What you return should match the data below exactly, with no pictures in it.

[COLLECTED MATERIAL Boundary: Start]

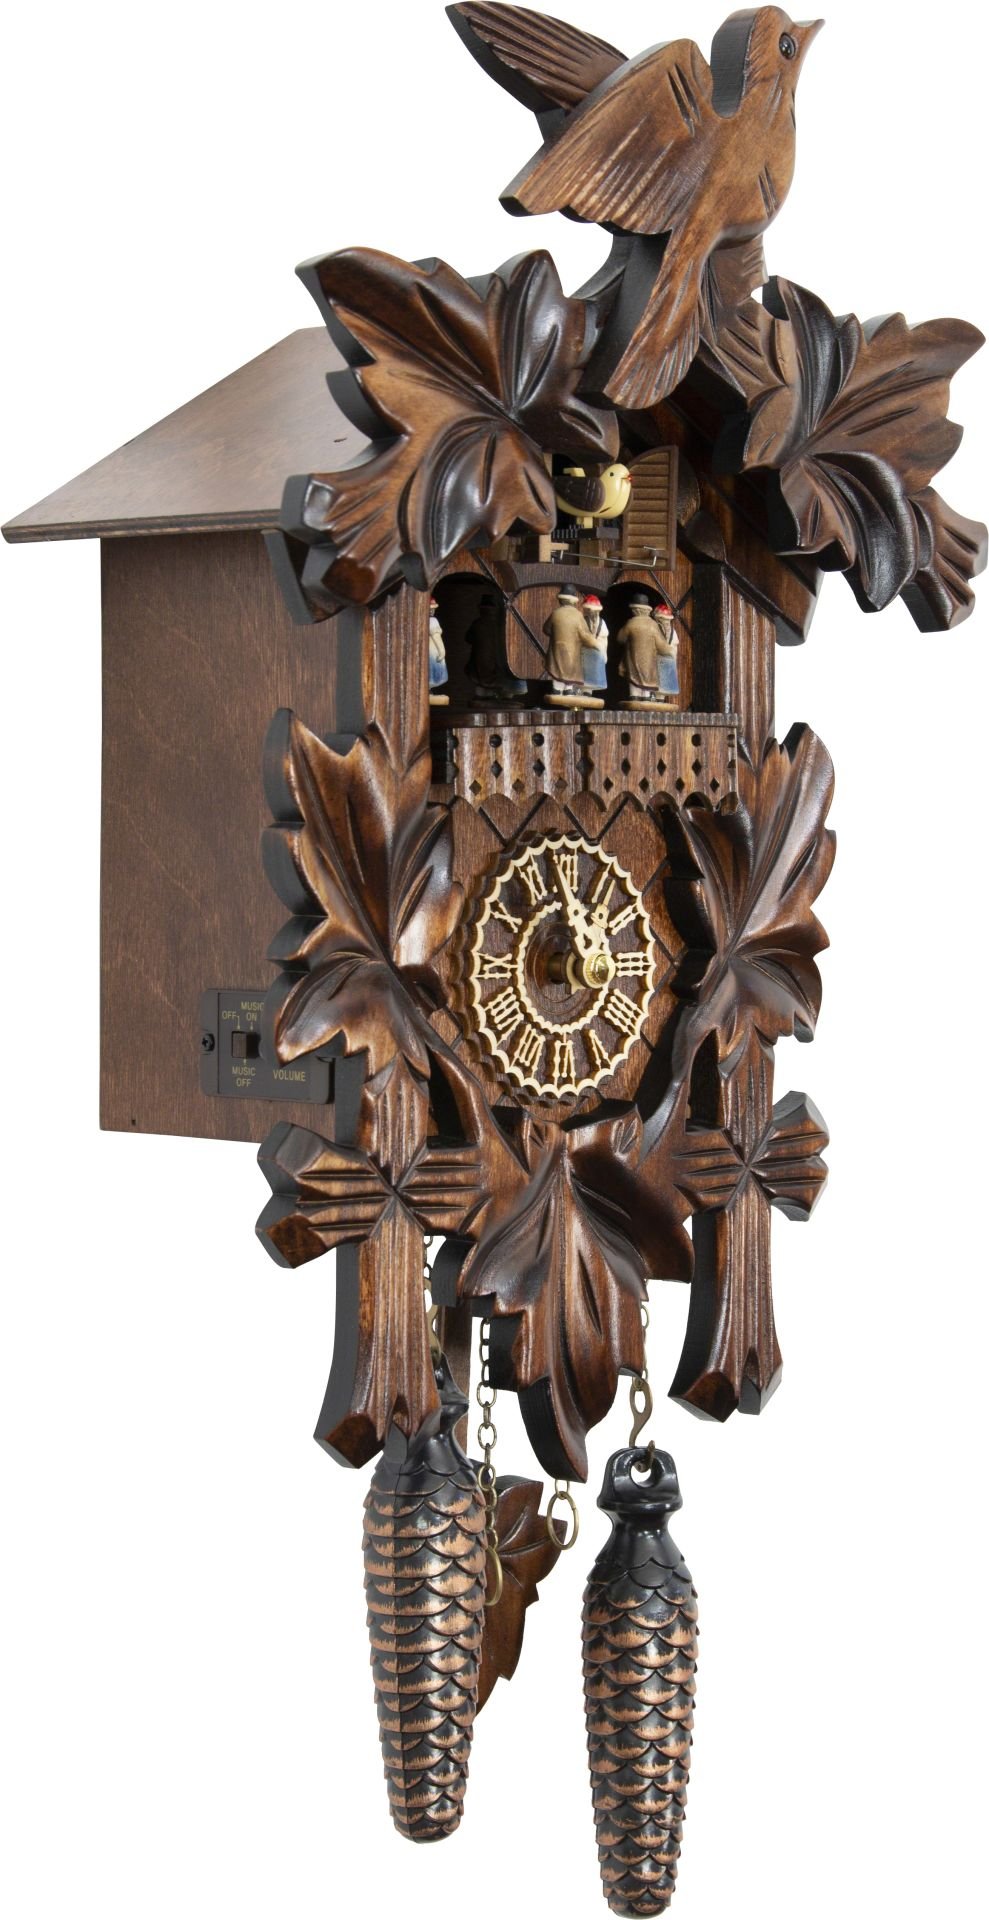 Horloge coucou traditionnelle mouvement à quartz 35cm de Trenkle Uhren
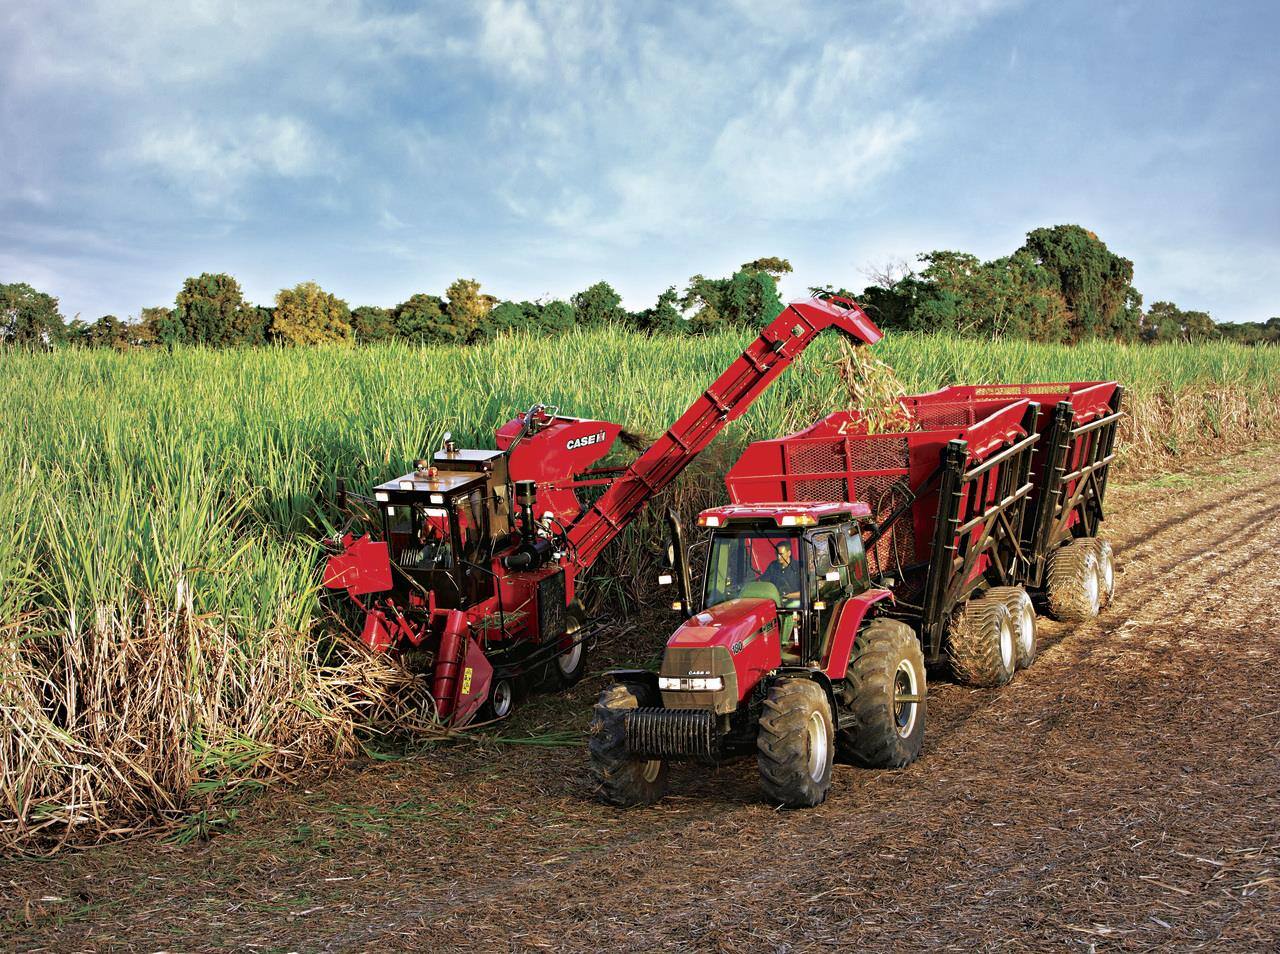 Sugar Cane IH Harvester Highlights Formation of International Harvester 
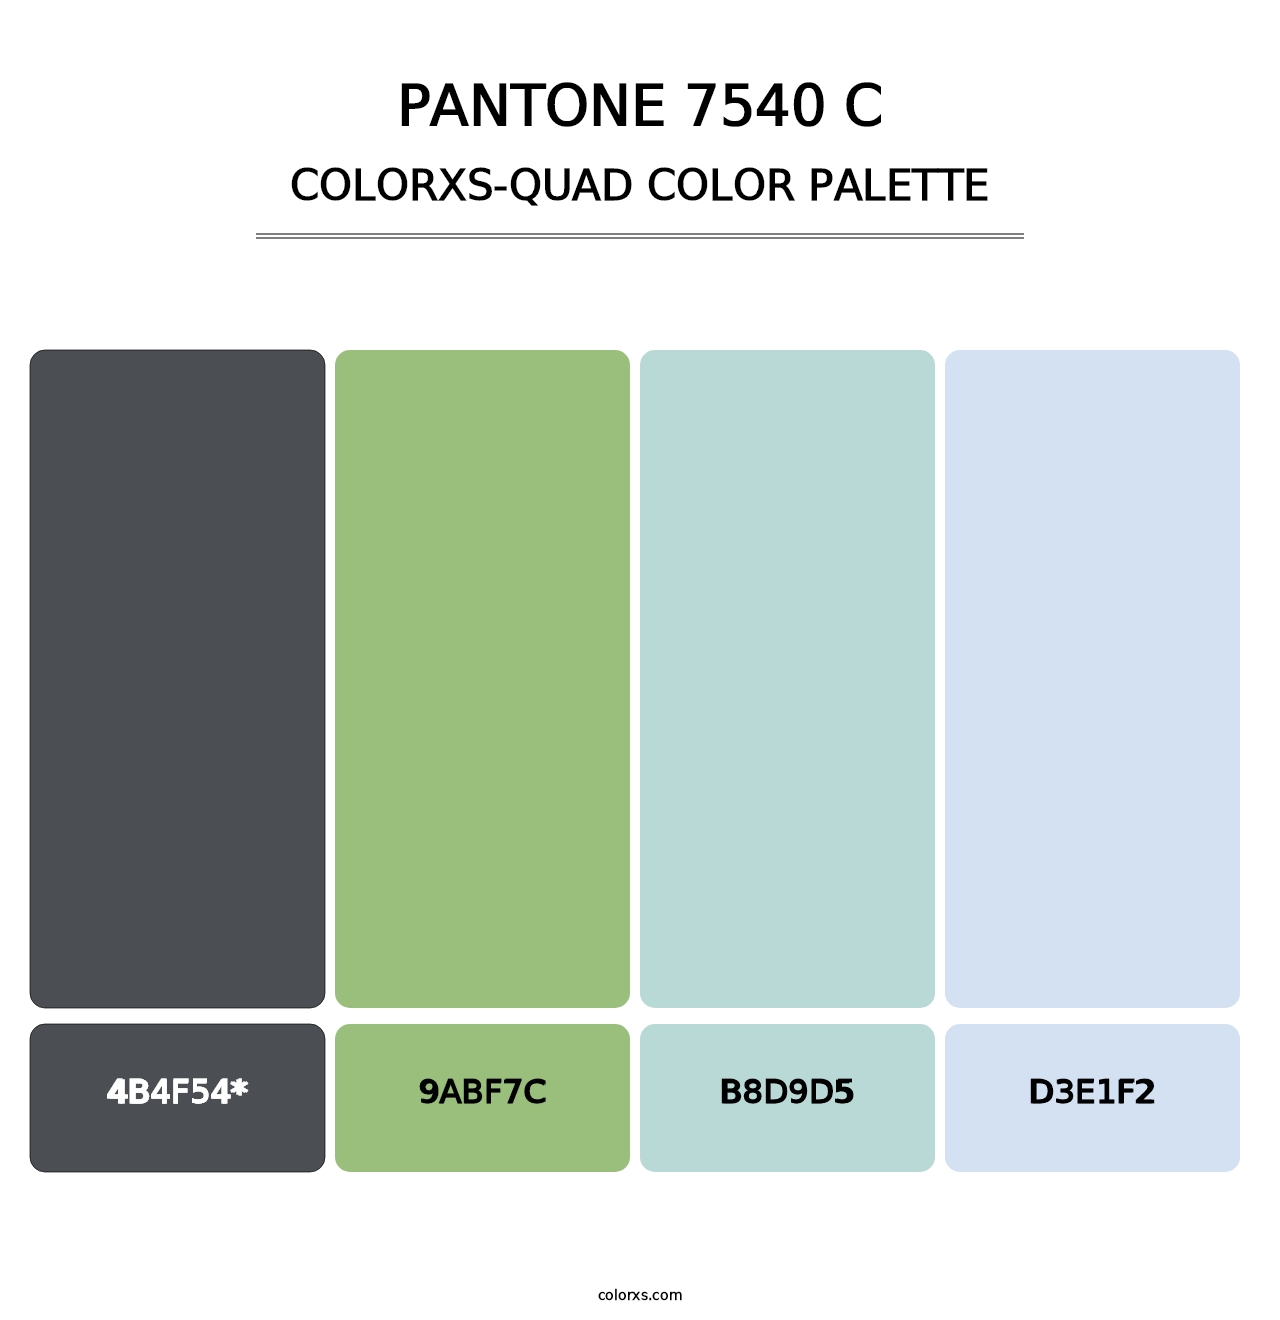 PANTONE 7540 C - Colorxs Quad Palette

[COLLECTED MATERIAL Boundary: End]

■ **RESULT OF THE TASK**:
 Horloge coucou traditionnelle mouvement à quartz 35cm de Trenkle Uhren
 Sugar Cane IH Harvester Highlights Formation of International Harvester 
 PANTONE 7540 C - Colorxs Quad Palette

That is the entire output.